The 2 main triggers for the contractor v’s employee argument to come up are:
- When the individual gets their tax bill at the end of the year, hasn’t saved that money, so tries to deflect it onto the company by saying “ I thought you were paying my tax Mr/Mrs Employer”
- When there is a dispute and the individual tries to raise a Personal Grievance against the company. NB they can raise claims through small claims court, but not a personal grievance
The onus then sits with the individual to prove that they genuinely believed themselves to be an employee. However, if they successfully make that argument then the employer could become liable for the tax grossed up on what they have already paid them (so about 50%), plus back annual leave, sick pay, etc (about 21.5%). Add this to the fact that, particularly if the argument has come about because they got their tax bill, because of the way provisional tax etc works they could have been working with you for close to 2 years before they get a tax bill…. So that could be a very expensive claim to lose.
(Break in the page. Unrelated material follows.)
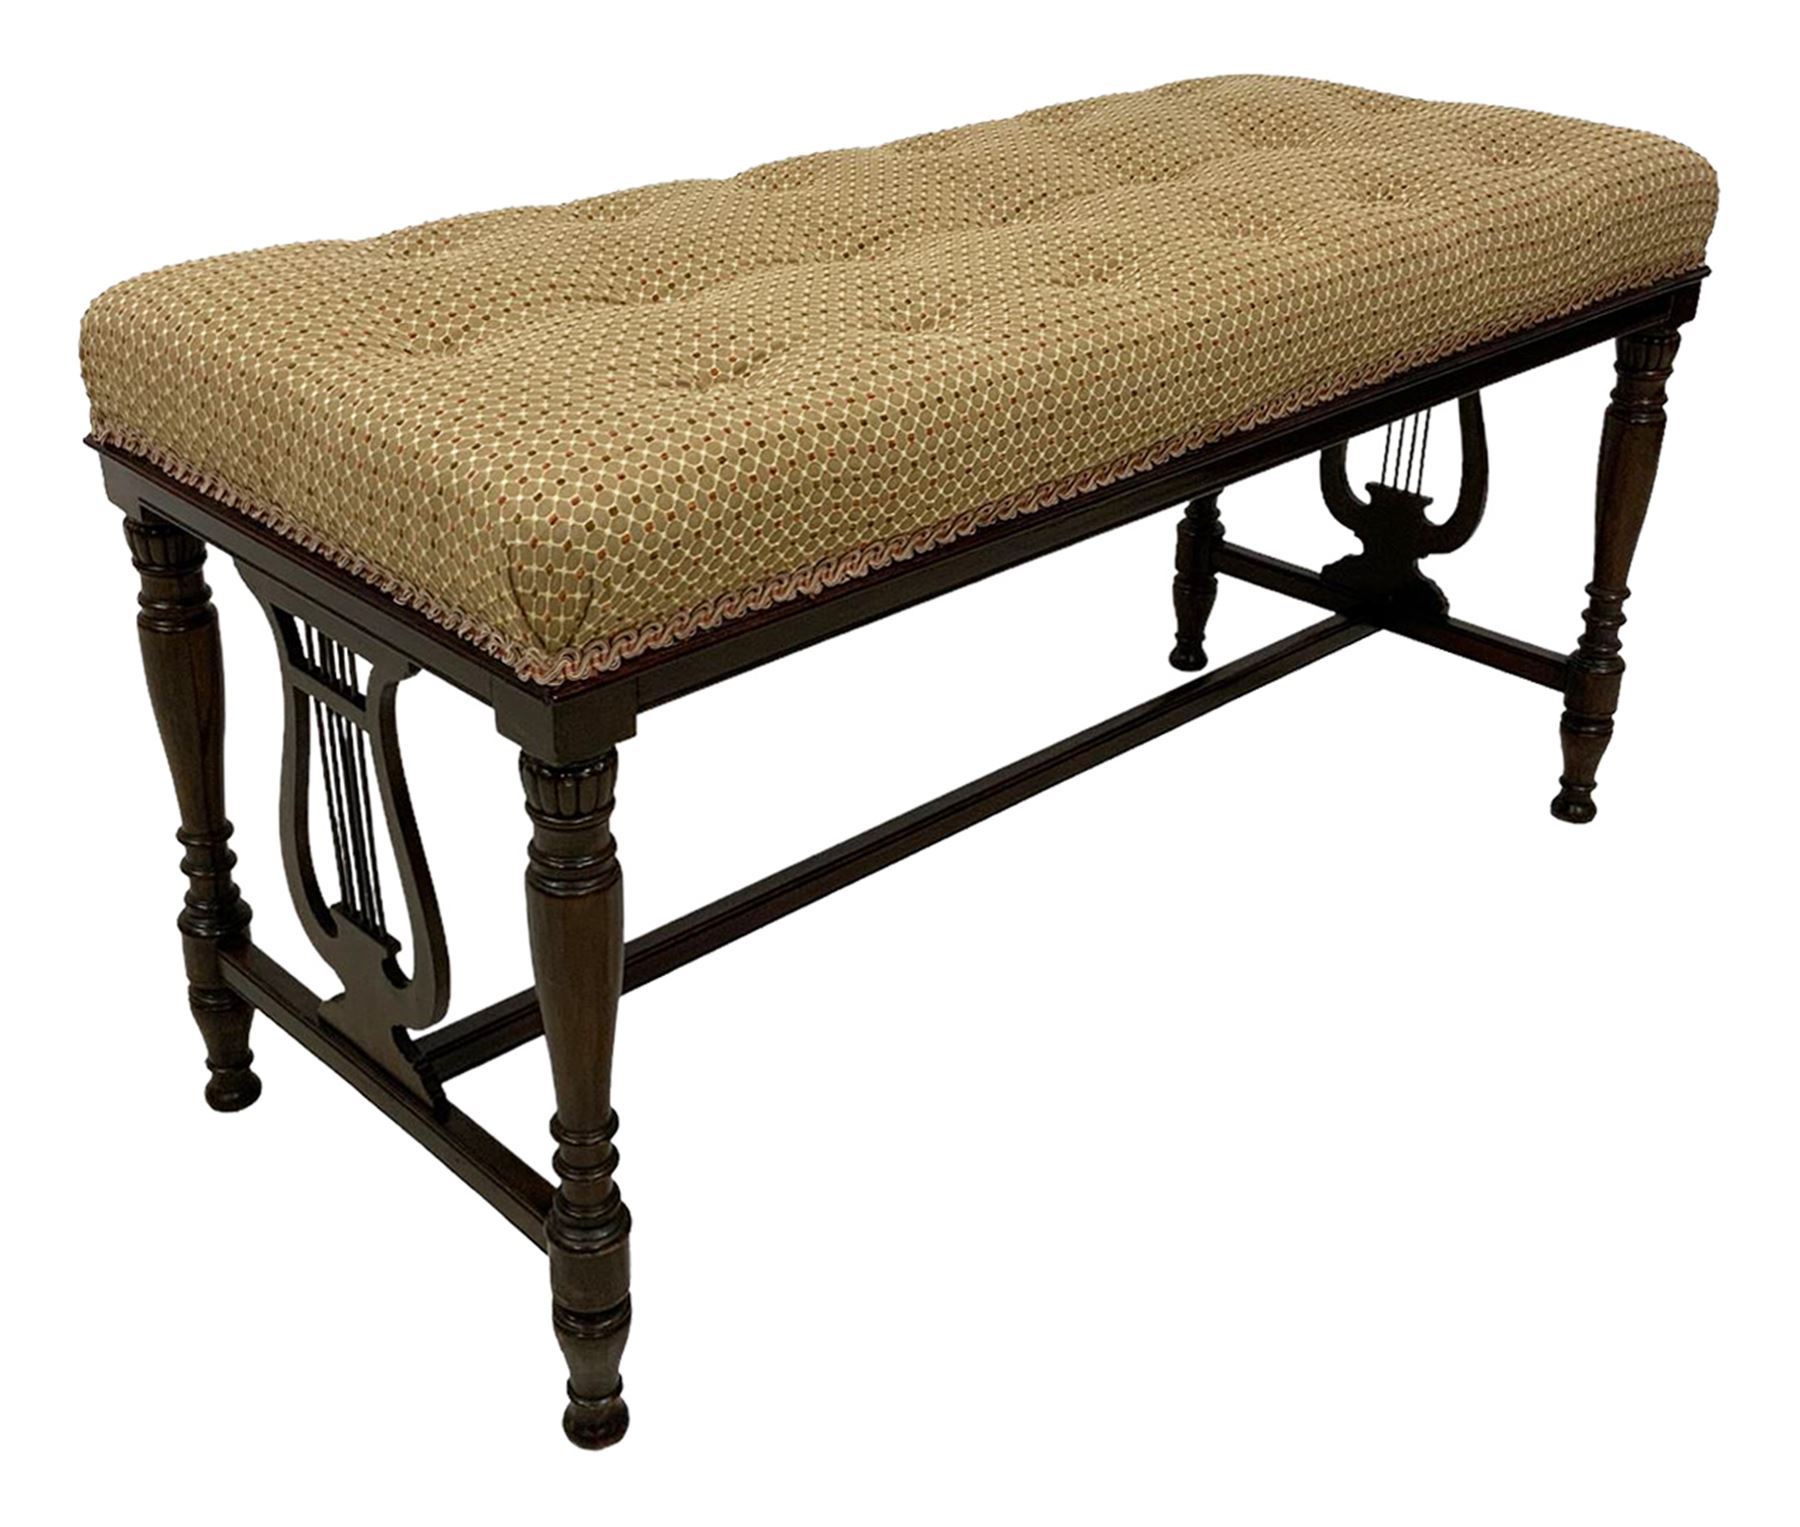 Regency design walnut piano duet stool - Image 3 of 8

How do you protect against the risk?
The court has what it calls the “tests of justification”, and these are so broad that I could just about justify I was an employee of your company simply by having a conversation with you (I’m being slightly cheeky here, but they are very broad!). So, how do you minimise your risk:
- Make sure you have a written agreement in place – HRtoolkit Independent Contractor agreement
- Make sure you issue it with a clear cover letter laying out that they are a contractor and what this means – HRtoolkit cover letter Contractor
- Make sure they provide you with invoices and are GST registered if earning over GST threshold (currently $60K per annum). NB one mistake I have seen from companies being “helpful” is that they provide the invoice to the individual. This is definitely not good practice.
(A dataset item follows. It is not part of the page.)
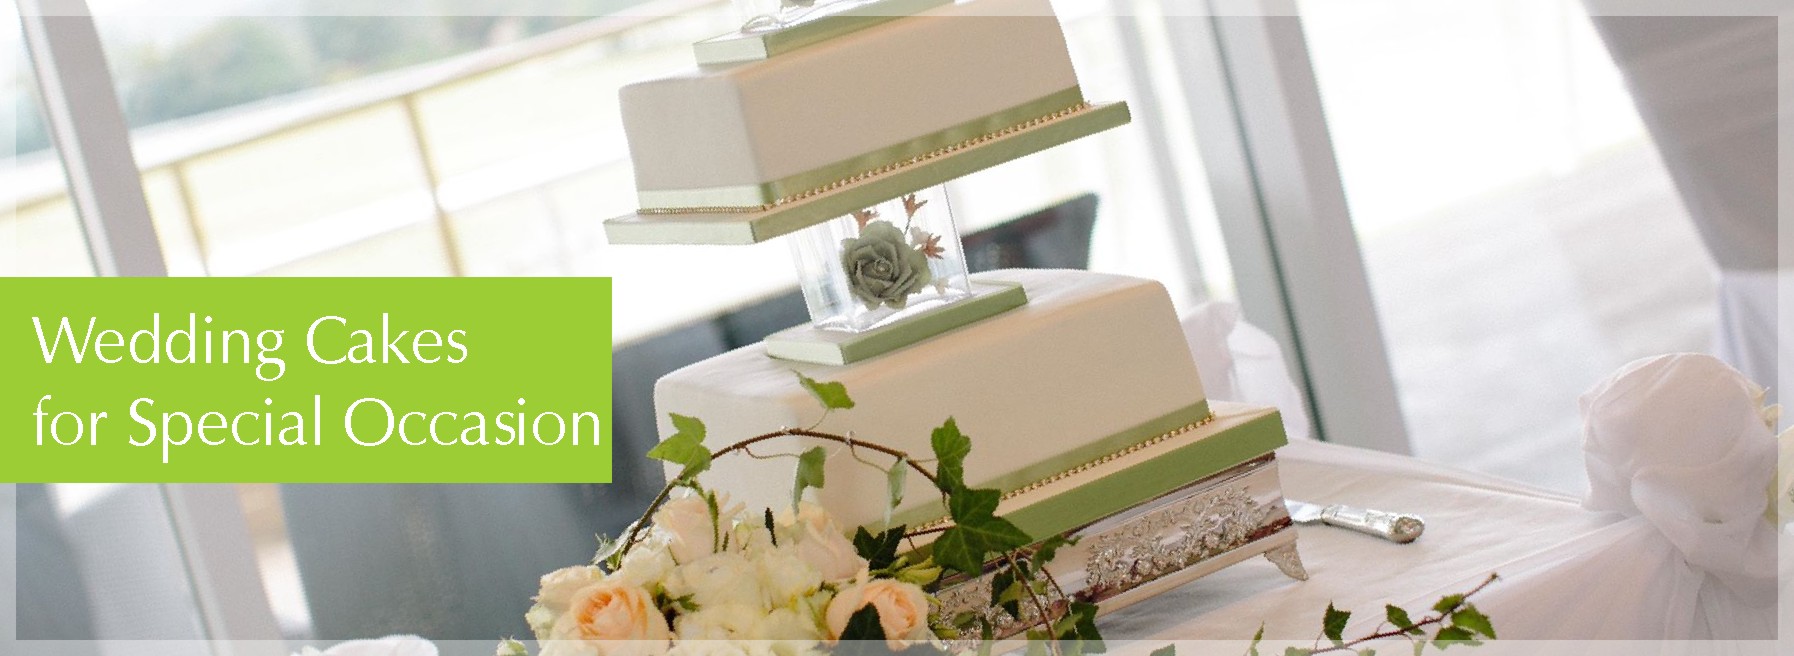 wedding cakes photo header

- If they are starting to look like an employee rather than contractor, have the discussions up front and early and then confirm those discussions in writing i.e. “following on from our discussion, you are happy to remain as a contractor, and fully understand that this means you are not entitled to employee benefits such as paid leave, right to raise a PG etc, and you are responsible for paying your own taxes”
- Minimise the tax liability risk by deducting withholding tax/Scheduler payments. The IRD does appear to be adjusting the rules around when you should/should not/have to deduct withholding tax/Schedular payments so I would recommend that you speak with your accountant about whether this is a requirement in your situation.